Thursday, July 12, 2007

Thoughts on the historical context of planetary management, 35 years ago and today

I too really liked the book. While reading it, I was reminded of the circa-1990 atmosphere around the 20th anniversary of the first Earth Day when I first encountered Limits to Growth, and its sequel Beyond the Limits. About the same time I also read Paul Ehrlich's The Population Bomb which was actually published in 1968 and discussed many of the same "overshoot and collapse" issues as Limits to Growth ... however within a framework of nation-by-nation population, technology, affluence, and impact variables, rather than on an undifferentiated globalized scale (and without computer models, though with mathematical models and heuristics). Ehrlich too was criticized for his "predictions" (were they predictions or thoughtful scenarios for analysis?) and he too published a recap about twenty years later, titled The Population Explosion.

So a question for Fernando: In your interviews and documentary research, did you find any suggestion that the Club of Rome / Forrester / Meadows folks might have expected some of the criticism they received, given the earlier reception of the Ehrlich book and research?

And a question for us all to ponder: The book argues well that behind our current practices of and understandings of globalization lurk the entwined conception and technology of population, resource, energy, and environmental management on a global scale, which are enabled by new digital computer based processing, monitoring, and communication technology. But even today, many of the critics of global environmental action (say, to reduce and mitigate the effects of global warming) invoke another kind of globalization "planetary management" discourse, that of free markets and military interventions (in the name of "security" rather than "sustainability"), which seem to also have arisen in the early 1970s, when political and economic actors faced the beginning of the end of US manufacturing dominance (auto industry), US military effectiveness (Vietnam), and cheap fossil fuel energy (OPEC). To put it really simplistically, today does the dream of "planentary management" mean something broader and more contested? Does it belong to the right or the left? To the progressive or the conservative? Or does it somehow complicate and transcend these rough categories?

1 comment:

Fernando Elichirigoity said...

The Club of Rome and the Limits to Growth people did expect some controversy but were taken aback by the vehemence and depth of the criticism. Of particular concern to them were criticisms within academia about their methods and their data gathering. There is a flurry of correspondence, increasingly testy, between members of the LtoG project and William Nordhaus, then a young economist at Yale who took them to task for the lack of data. Nordhaus became a figure around whom critics of “Limits” outside academia rallied. Perhaps, somewhat ironically, Nordhaus is now a big environmental economist.

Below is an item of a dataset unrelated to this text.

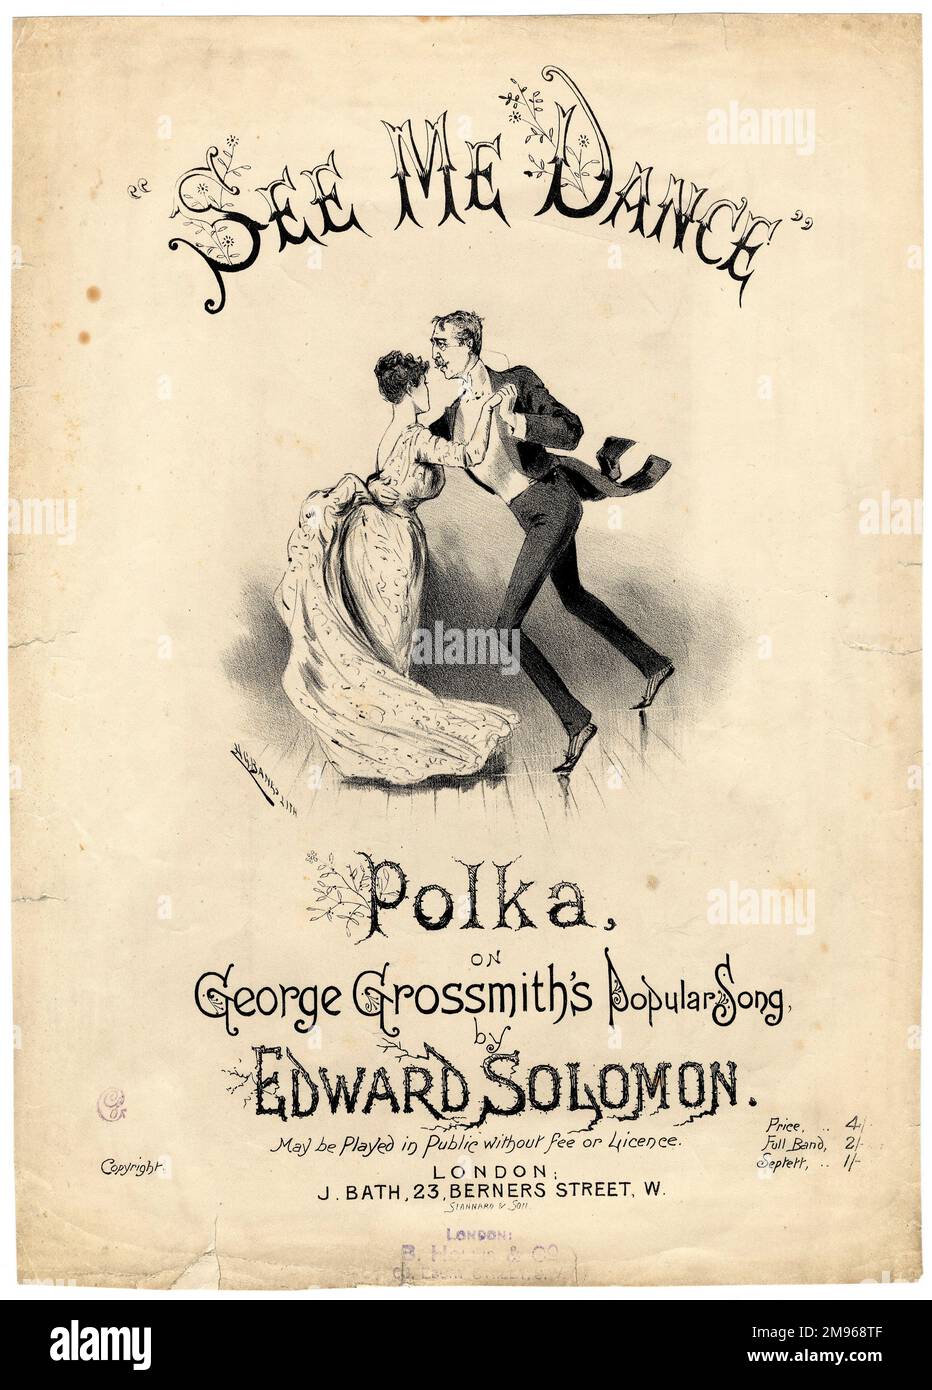 Music cover for See Me Dance the Polka, based on George Grossmith's popular song, arranged by Edward Solomon (1855-1895).  George Grossmith (1847-1912) was an English comedian, writer, composer, actor, and singer.  He was famous for performing his own comic piano sketches and songs, including this one, which he wrote in 1886, and which is still known today.  A couple are depicted dancing the polka -- the man looks very much like Grossmith himself. Stock Photo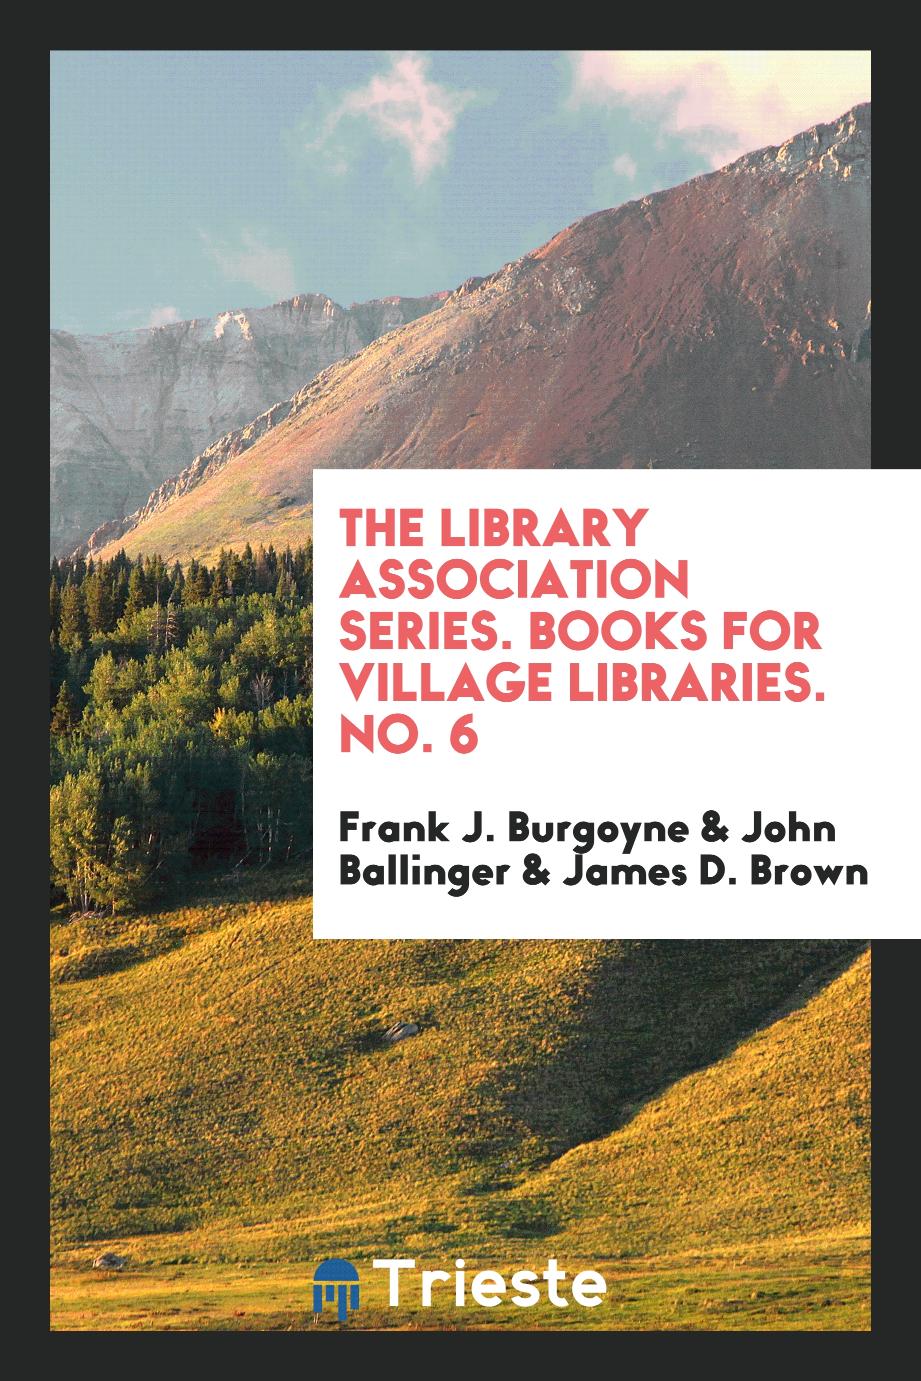 The library association series. Books for Village Libraries. No. 6

The “Limits” team members saw themselves as scientists and thus tended to argue more within academia than outside it but because the huge impact of the book they found themselves often arguing in the media. They produced a more “academic” book titled “Dynamics of Growth in a Finite World” where they tried to address the scientific criticisms. Needless to say that book sold very few copies. Fred Buttel, a very distinguished rural sociologist at Wisconsin who recently passed on, was also a critic, especially of the “systems” thinking aspect of Limits.

There were critics from the political left as well, centered at Sussex University. Their concerns were about the way in which “systems thinking” erased the political and social issues that they saw as the cause of poverty in the developing world.

Perhaps most surprising for the Club of Rome people was the withering critique from the corporate establishment, represented by the Wall Street Journal, who saw them as wanting to destroy free enterprise. Given that the CoR was largely a group of male corporate figures this came as something of a surprise as well.